Graham Sustainability Institute

Sustainable Food Program Releases Annual Report, Shows Efforts Toward Goals

Friday, March 15, 2013

The recently released annual report by the University of Michigan Sustainable Food Program highlights the efforts made by its members toward the group’s three core goals: producing food, furthering education, and building community.

A key accomplishment of the group was the development of a sustainable foods farm at the Matthaei Botanical Gardens. With the help of volunteers and a $42,000 grant from the Planet Blue Student Innovation Fund, UMSFP cultivated more than 700 pounds of food last summer. Following the success of the farm’s first year, the Matthaei Botanical Gardens offered the group two additional acres to expand their Campus Farm in 2013.
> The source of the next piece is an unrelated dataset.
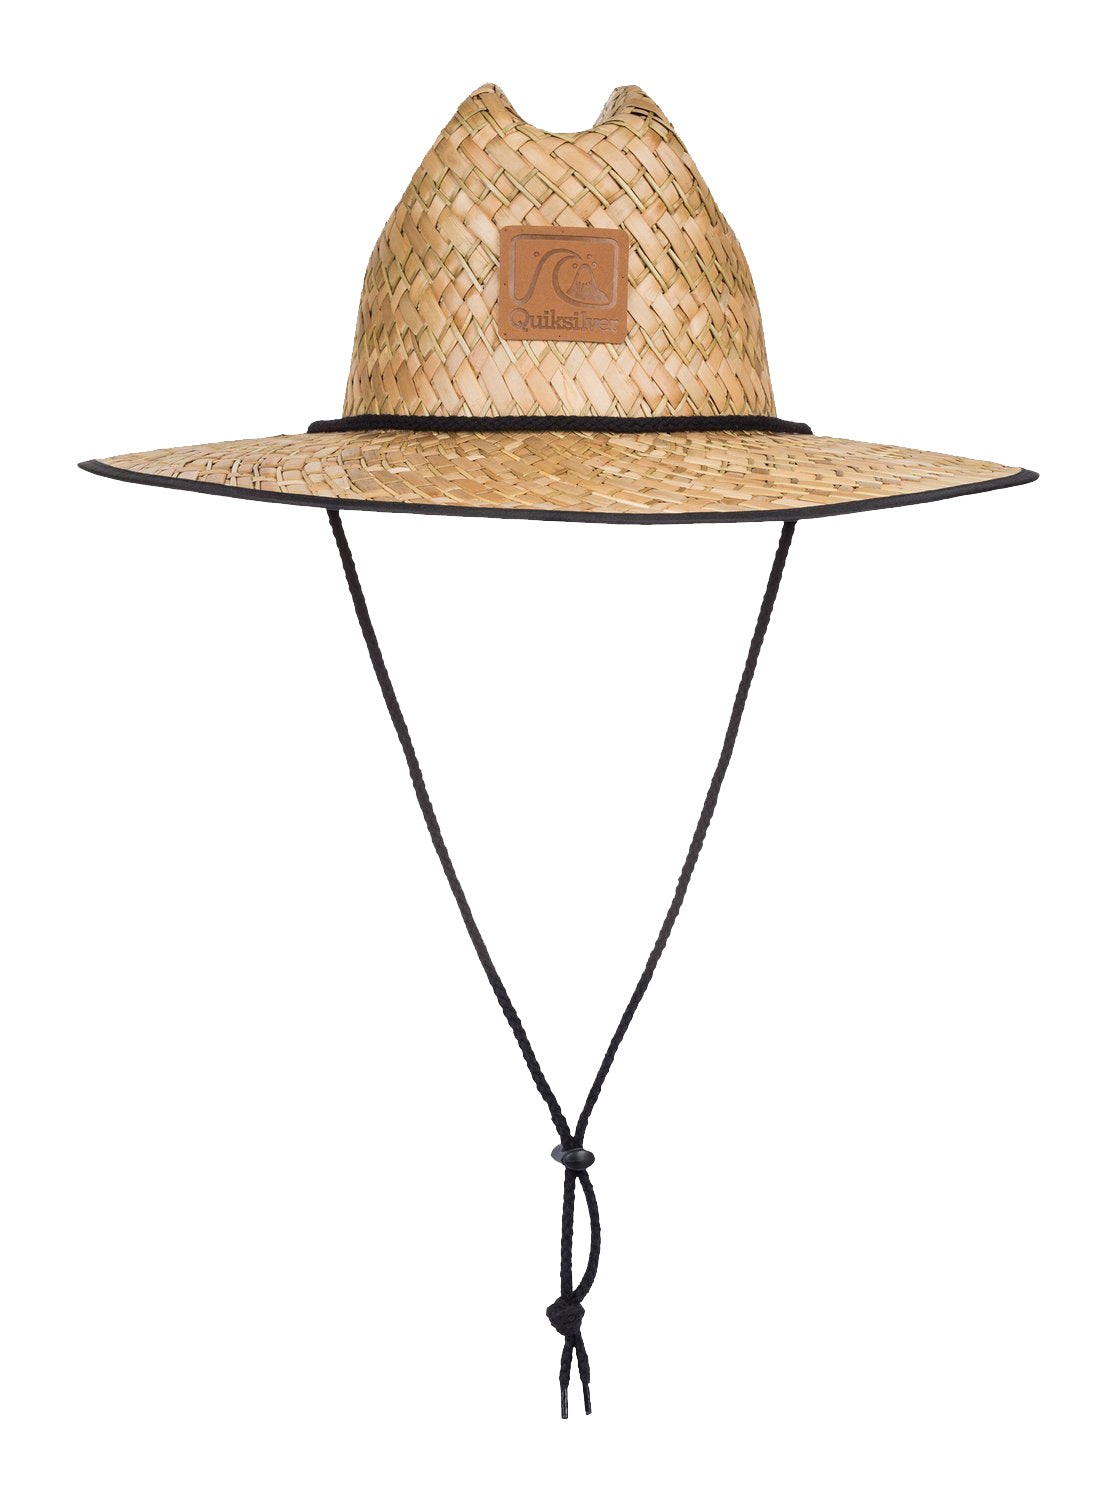 Quiksilver Outsider Straw Lifeguard Hat BGZ0 L/XL

Other achievements made by UMSFP’s 10 member groups that further support the program’s goals inlcude: 

  • The Ann Arbor Student Food Co.’s initiated a program to sell fresh fruits and vegetables to students on campus.
  • The Consortium on Agriculture, Food and the Environment held its first annual Sustainable Food Careers Symposium, complete with panel discussions, guest speakers and audience of more than 130 people.
  • The Permaculture Design Team developed a satellite garden on campus using permaculture methodology, a branch of sustainable architecture modeled after natural ecosystems. This was achieved through a project for ENVIRON 391 course “Sustainability and The Campus.”
  • The Michigan Sustainable Foods Initiative promoted using reusable drink containers on campus through their Free Thermos Giveaway initiative.

To further educate and build community in 2013, UMSFP plans to expand the classes it works with by partnering with a freshman engineering course and landscape architecture studios. The program is also working to connect students and staff to sustainability resources across the U.S. by securing space for its Sustainable Food Resource Center.